Titubeó. Probablemente, los compañeros de Vardy no lo habían visto nunca ponerse tan duro durante tanto tiempo. Se encontraban notas incomprensibles al llegar, referencias a entrevistas que Vardy había llevado a cabo en solitario, con sospechosos o personas de cuyas identidades no estaban del todo seguros. Al igual que estaba pasando con todo el mundo, su comportamiento se había transformado a la sombra de la catástrofe, aquel desalmado milenio tardío.

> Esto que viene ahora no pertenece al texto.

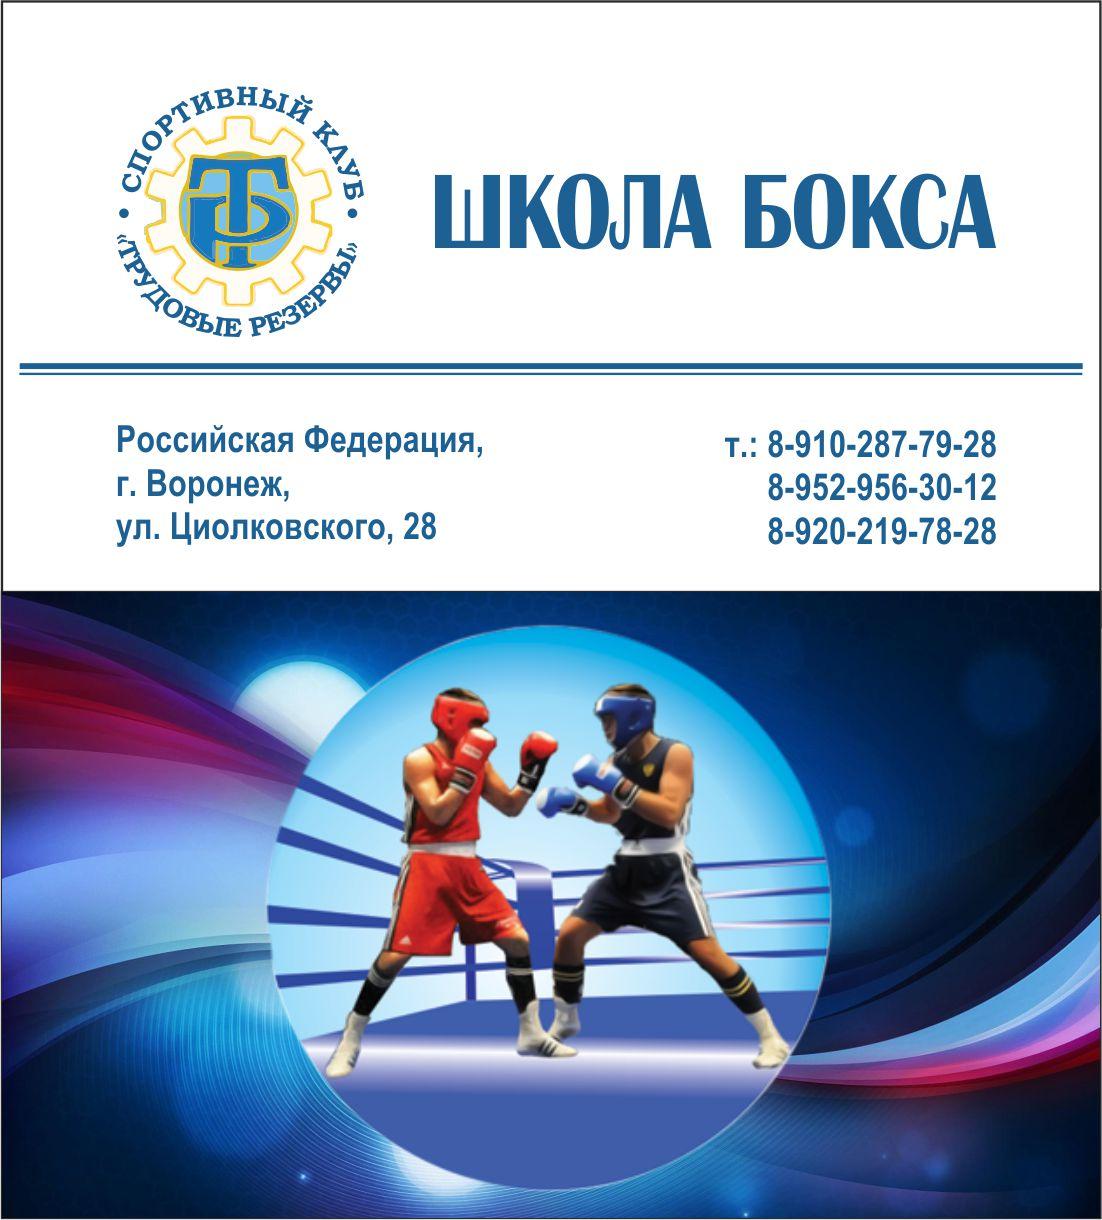 Школа бокса Трудовые резервы

—¿Adónde ha ido ahora? —dijo Baron, un poco lastimero. Collingswood se encogió de hombros y lo miró con los ojos entornados. Estaba sentada con los pies en alto, jugando a un videojuego. Su invencible avatar esquivaba electrónicamente a las bestias rugientes que intentaban comérsela. A decir verdad, no lo estaba moviendo, estaba concentrada en la conversación, había trucado el joystick para que pasara de nivel solo.

—Ni idea —dijo—. Por lo que puedo descifrar de esos putos garabatos suyos de cangrejo, quiere encontrar a no sé qué soplón de la vieja panda de Grisamentum. Uno de los nigros, o piros o algo. ¿Usted cree que tiene una remota idea de qué está buscando?

—No —dijo Baron—. Pero estoy seguro de que lo encontrará. Tengo entendido que hay pistogranjeros en la ciudad.

—Se lo dije. Sí, de esos y de todos los demás. Las mejores visitas nos las quedamos nosotros, tío —dijo Collingswood señalando los informes que tenía delante.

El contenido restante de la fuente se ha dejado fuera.